More speed vicar? Google Cloud customers in European to gain boost from undersea cable to US capable of carrying 250TB per second
Google has decided to go it alone with its latest undersea cable that will connect the United States to Europe.
This ‘Dunant’ cable (named after Red Cross founder Henry Dunant) will run from Virginia Beach in the United States to a landing station in the French west coast, and will utilise space-division multiplexing (SDM) technology for faster transmission speeds.
The Atlantic ocean has a growing number of subsea cables. In 2017 for example, Microsoft and Facebook laid the then highest capacity subsea cable in the Atlantic.

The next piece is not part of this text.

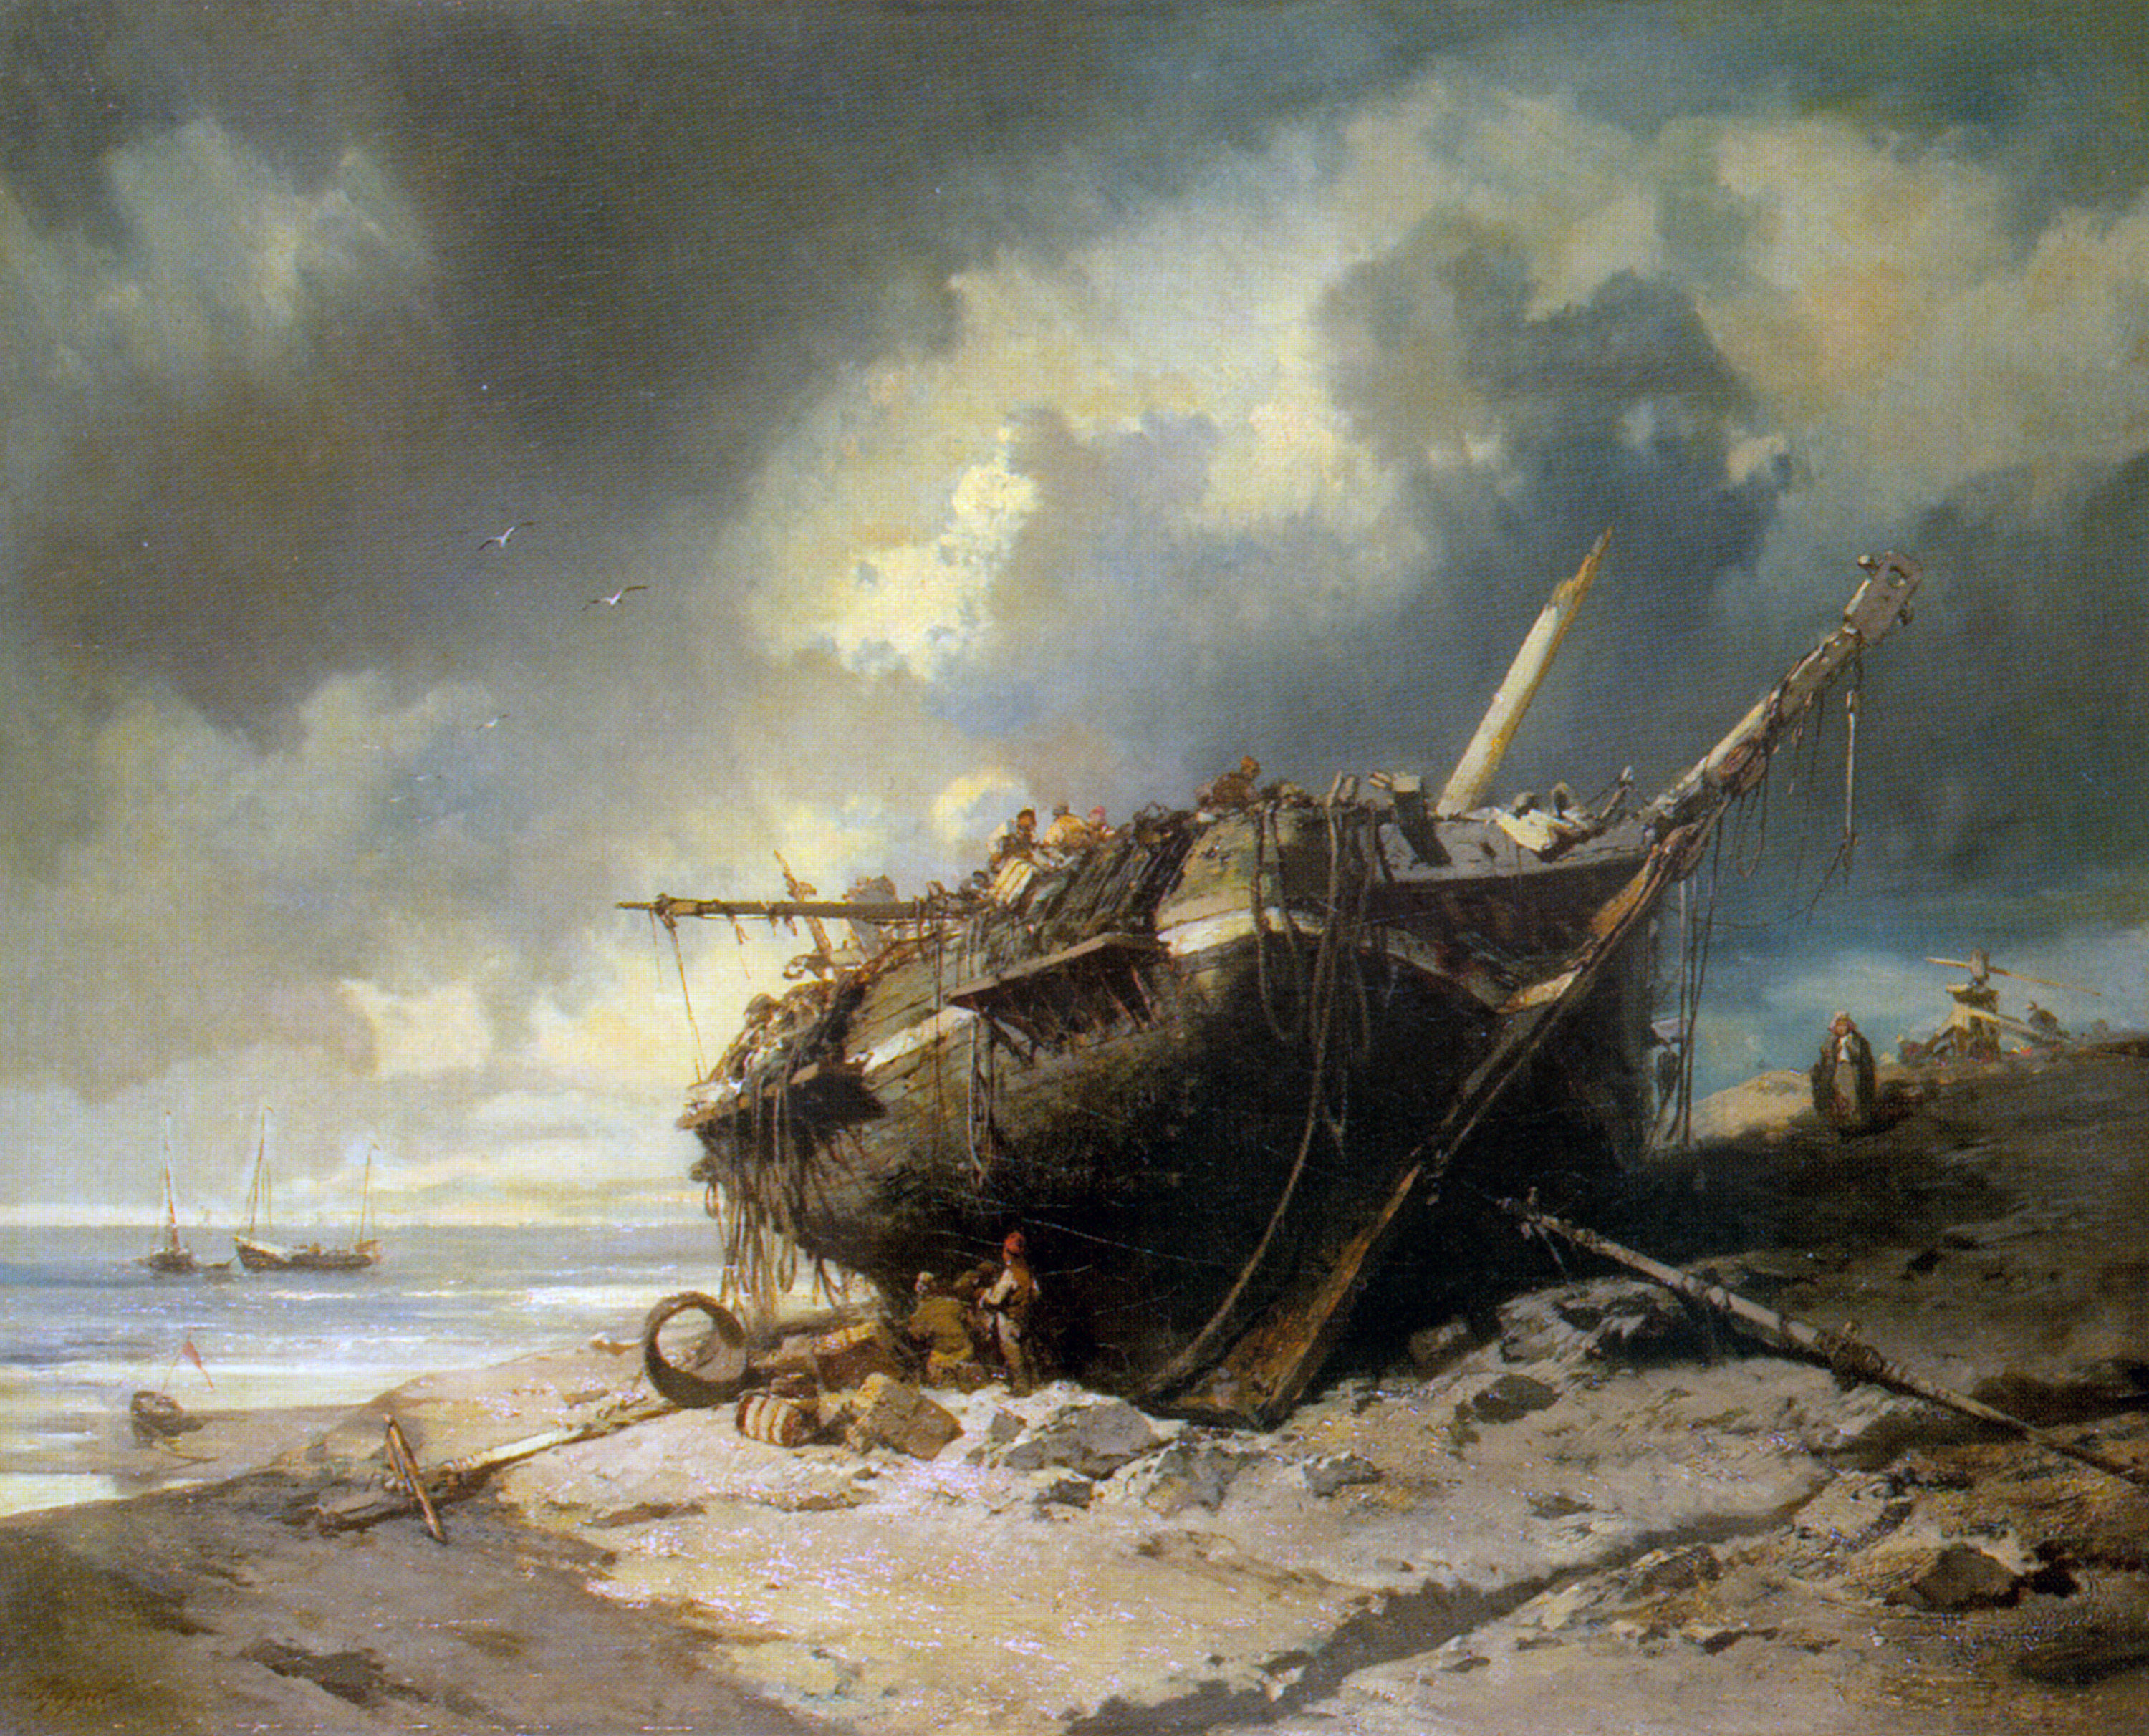 Dismantling a Beached Shipwreck by Charles Hoguet

‘Marea’, which is Spanish for tide, connected Virginia Beach in the US with Bilbao in Spain, and was capable of carrying 160Tbps. It comprises eight fibre optic cables surrounded by copper, plastic and waterproof protection and was 1.6 times the size of a garden hose.

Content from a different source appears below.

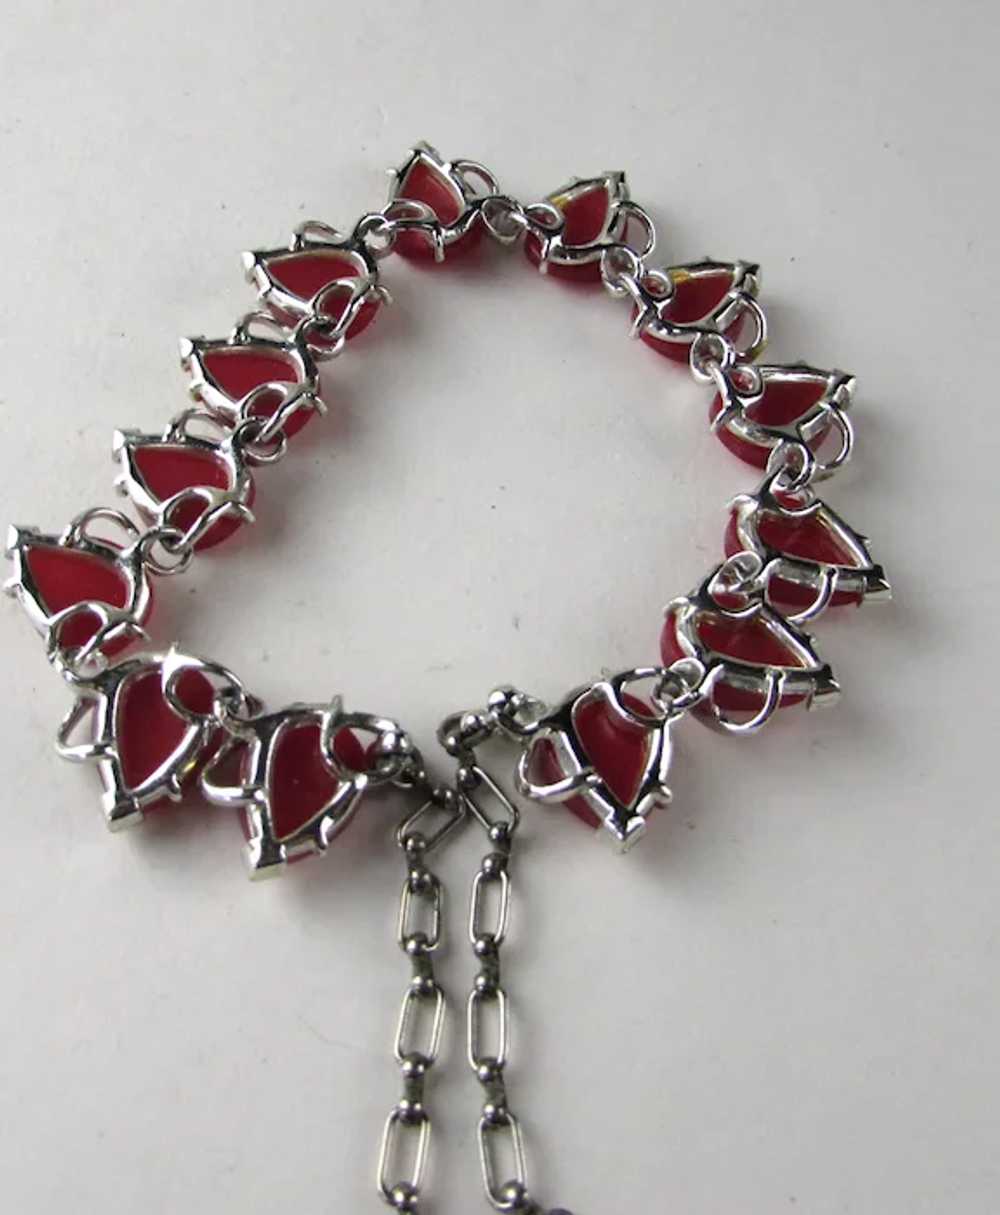 Vintage Red Thermoset Silver Tone Necklace - image 7

But the Google Dunant cable will be even faster thanks to the SDM tech.
“In 1858, Queen Victoria sent the first transatlantic telegram to U.S. President James Buchanan, sending a message in Morse Code at a rate of one-word per minute,” wrote Google in an update. “In Q3 of 2020, when we turn on our private Dunant undersea cable that connects the USA and France, it will transmit 250 Terabits of data per second – enough to transmit the entire digitised Library of Congress three times every second.

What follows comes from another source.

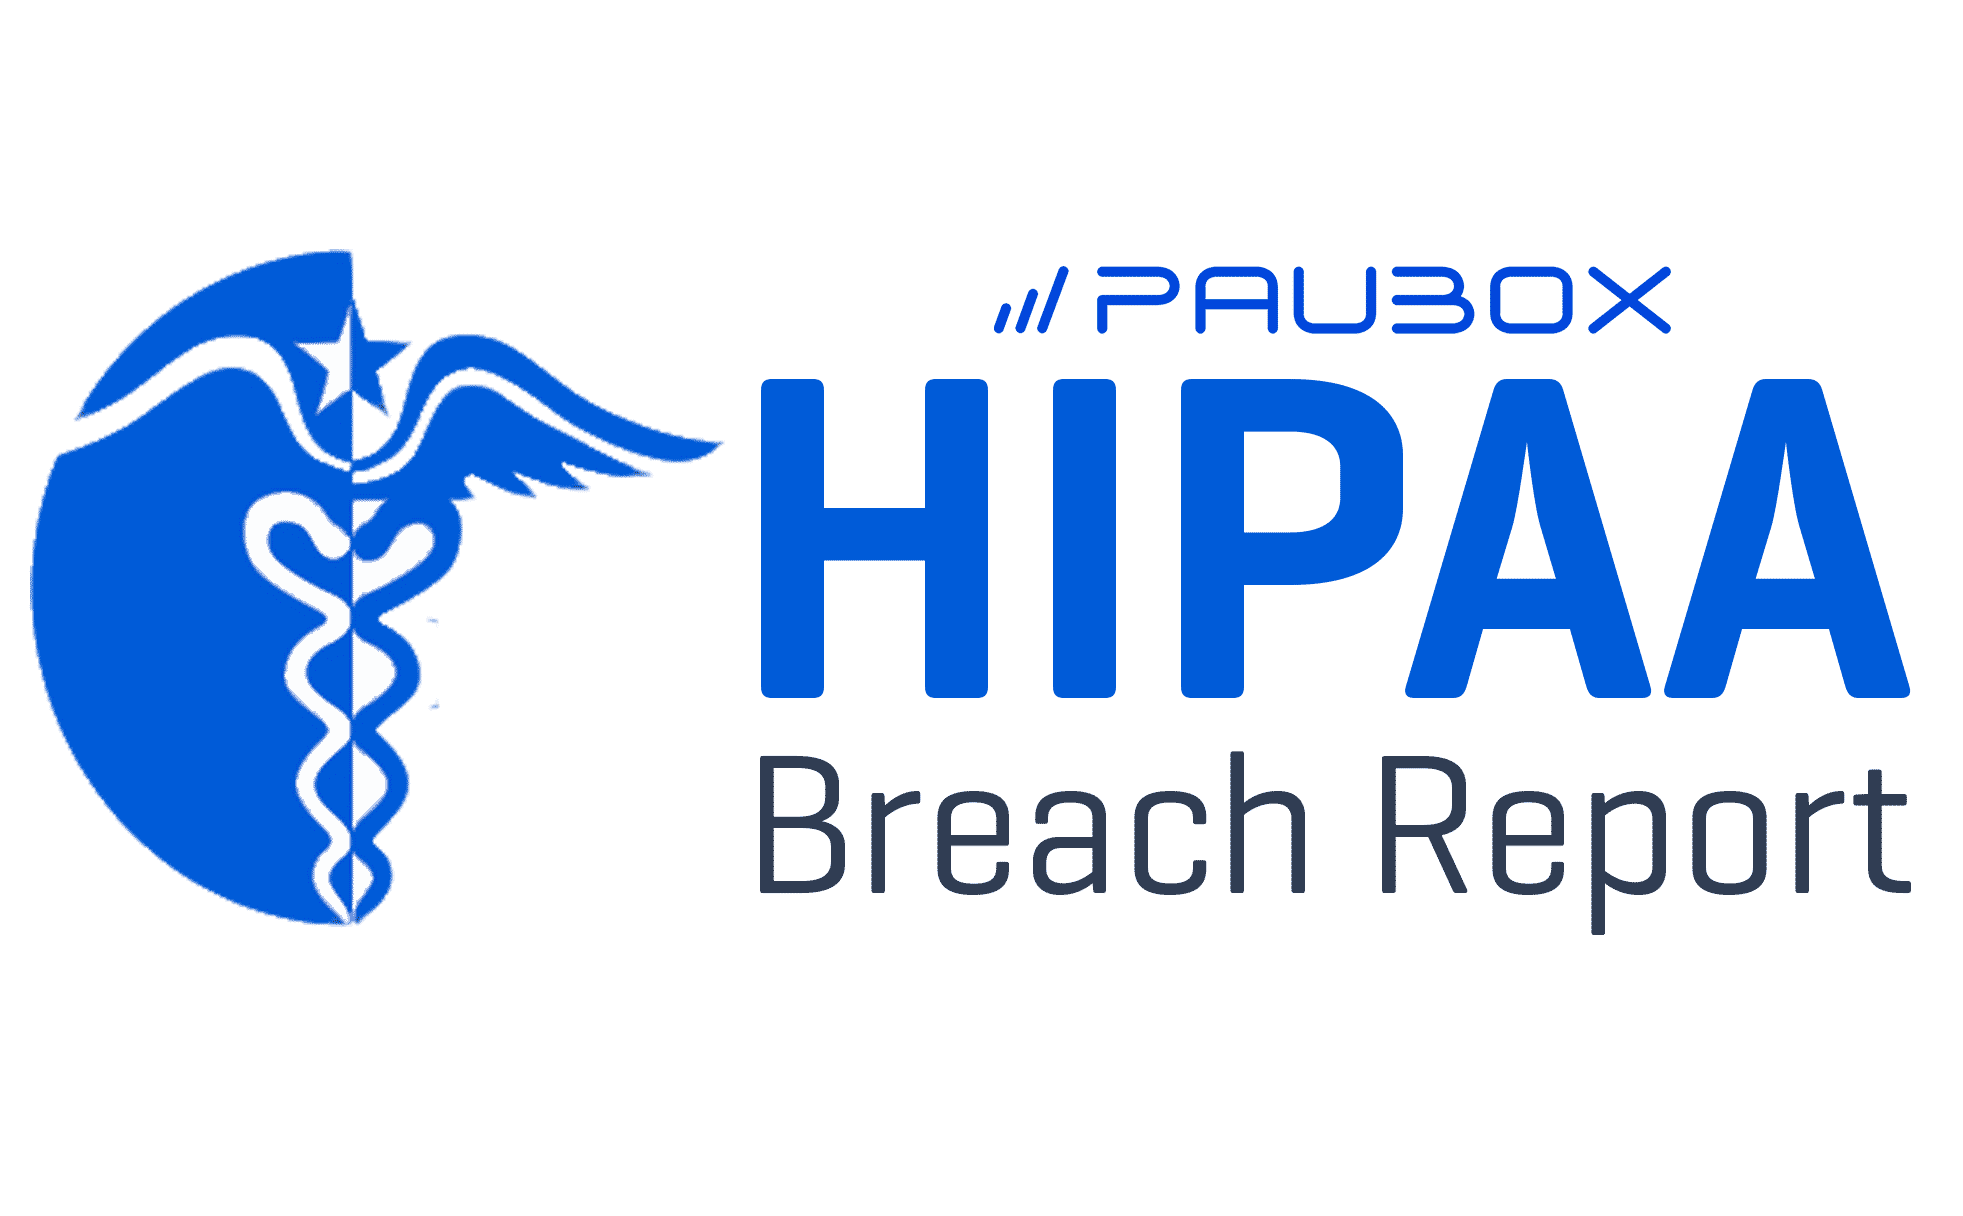 Lifespan health system pays over $1M for HIPAA breach

Google said it is going it alone with this 6,400 km cable, becoming the first major non-telecom company to build its own after years of leasing cables or being part of consortiums.
Remember, when these undersea cables are laid, telecom companies typically bundle a number of their own fibre optic lines into a single underwater cable. That way, they can share the cost of construction in the lengthy cable deployment, which is carried out from the back of a cable-laying ship.
But Google is bearing the financial costs alone, and that way has full control of routing and guaranteed bandwidth.
“Traditional subsea cables are powered from the shore end and rely on a dedicated set of pump lasers to amplify the optical signal for each fiber pair as data traverses the length of the cable,” said Google. “Now, SDM technology allows pump lasers and associated optical components to be shared among multiple fibre pairs, while still working within the unique power constraints of the ocean floor.”
Dunant is expected to go live in Q3 2020.
Meanwhile Google’s Curie cable (named after the physicist and chemist), which connects Chile to Los Angeles, is expected go live later this year.
“Demand for online content has exploded in recent years, driven by more internet users, increased engagement with rich content like video, and new demand for cloud services,” said Google. “When it comes online next year, it’s our hope that Dunant and these advances in submarine cable technology will help users access online content quickly from wherever they may be.”
Google is also building fibre networks on land as well.